* [RECORDED DATA]
=== Section Start ===
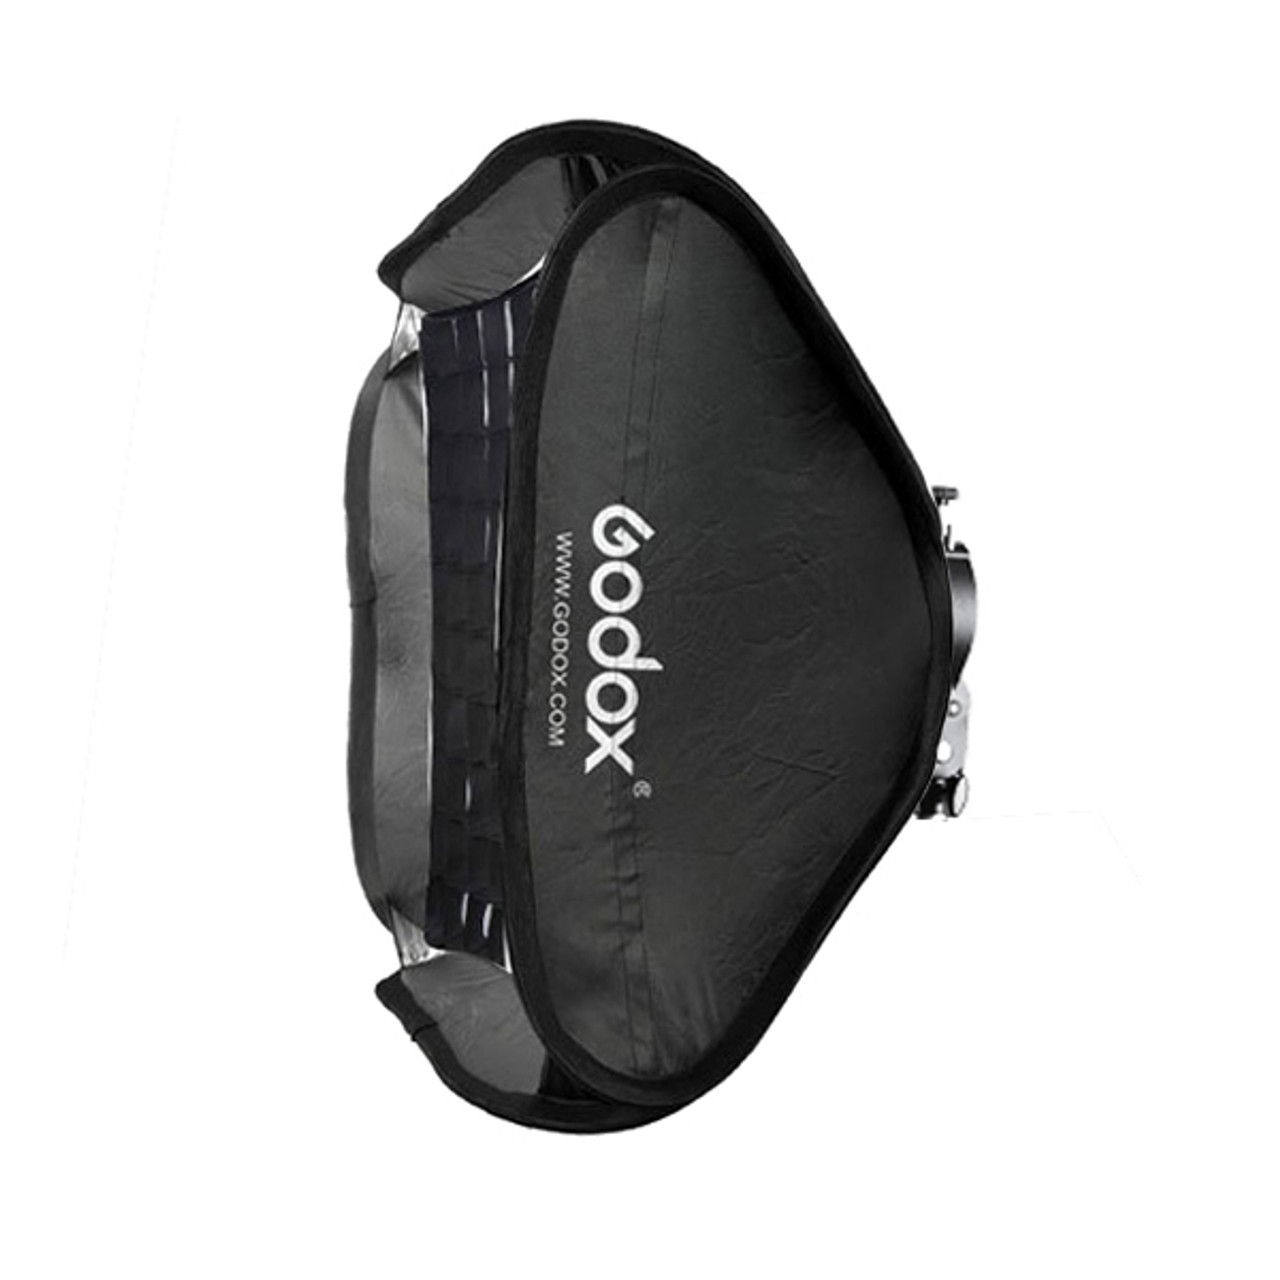 Godox S2 Speedlite Bracket with Softbox, Grid & Carrying
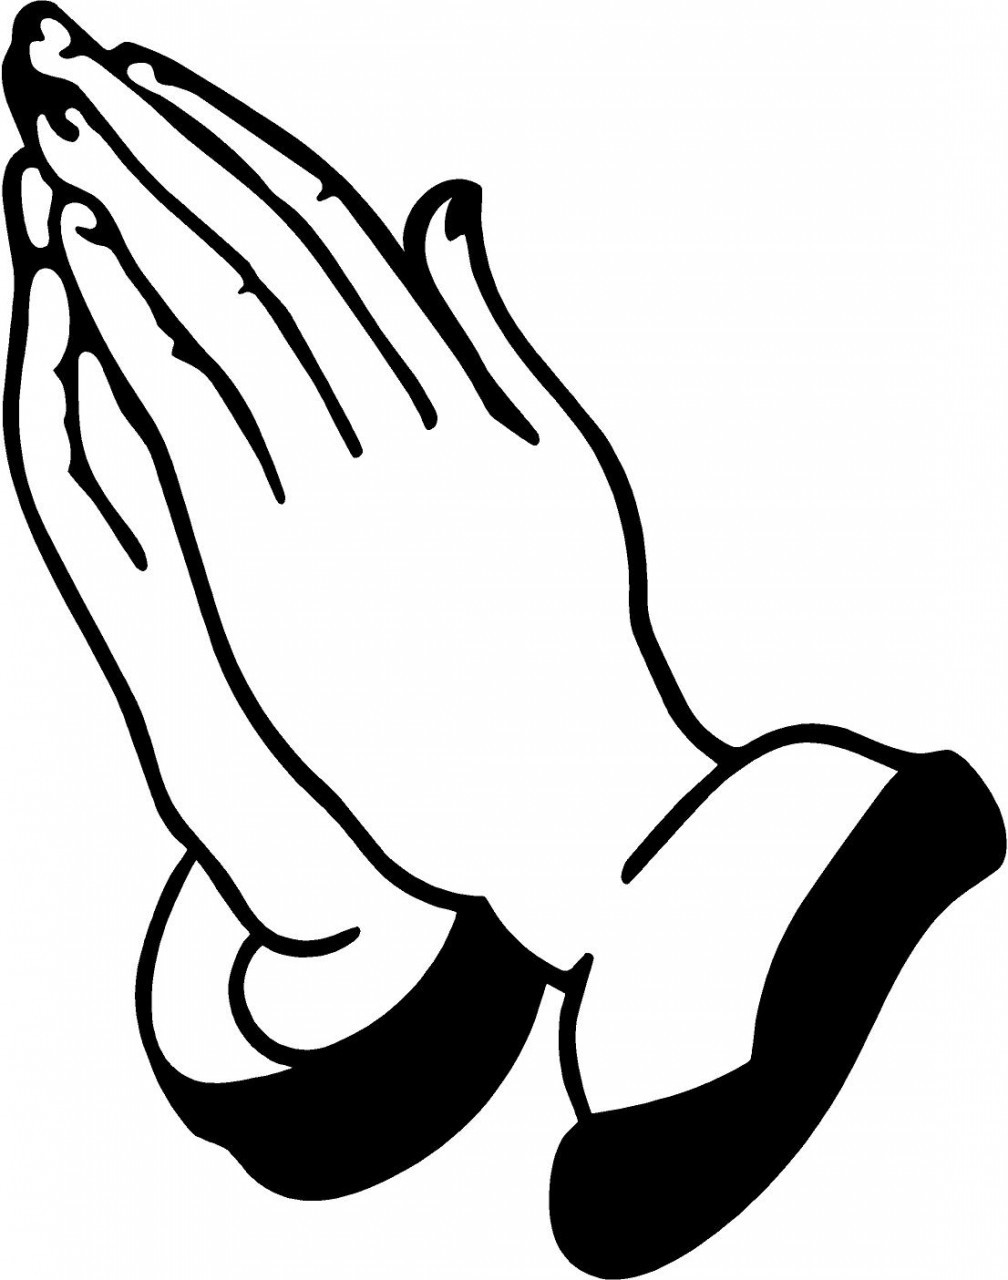 National Day of Prayer Clip Art | HickoryRecord
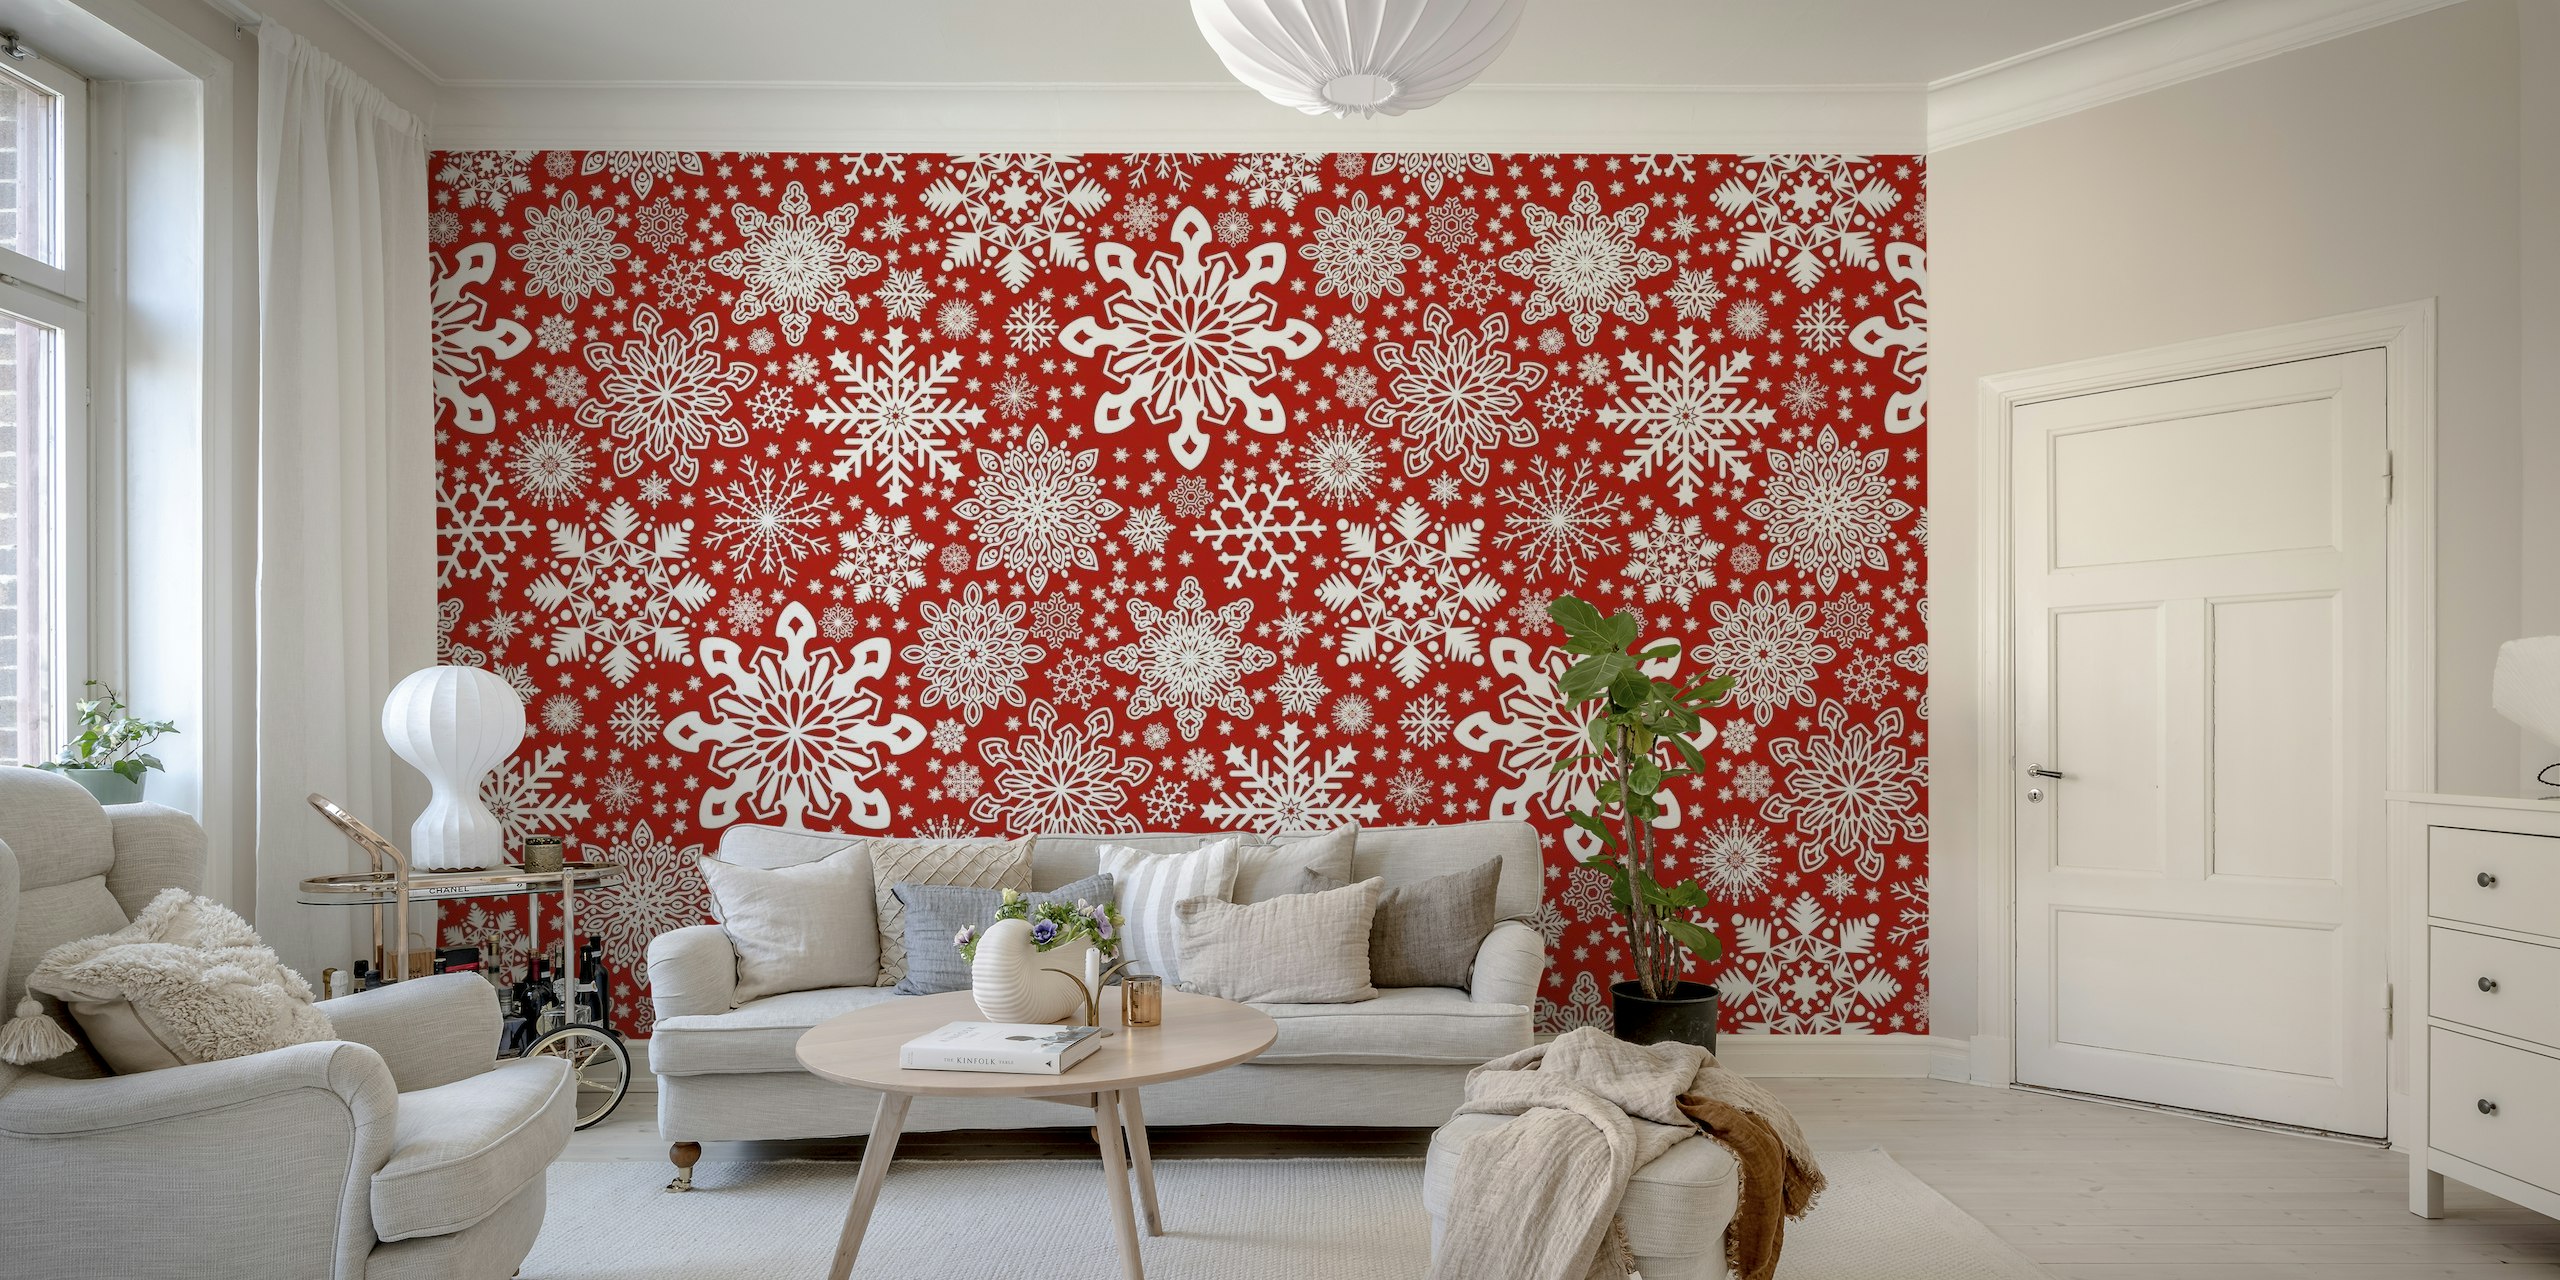 Snowflakes Design 1 wallpaper
=== Section End ===
* [TASK TO CARRY OUT]
Everything in the data except the pictures must be retyped exactly.

* [ANSWER AREA]
 Godox S2 Speedlite Bracket with Softbox, Grid & Carrying
 National Day of Prayer Clip Art | HickoryRecord
 Snowflakes Design 1 wallpaper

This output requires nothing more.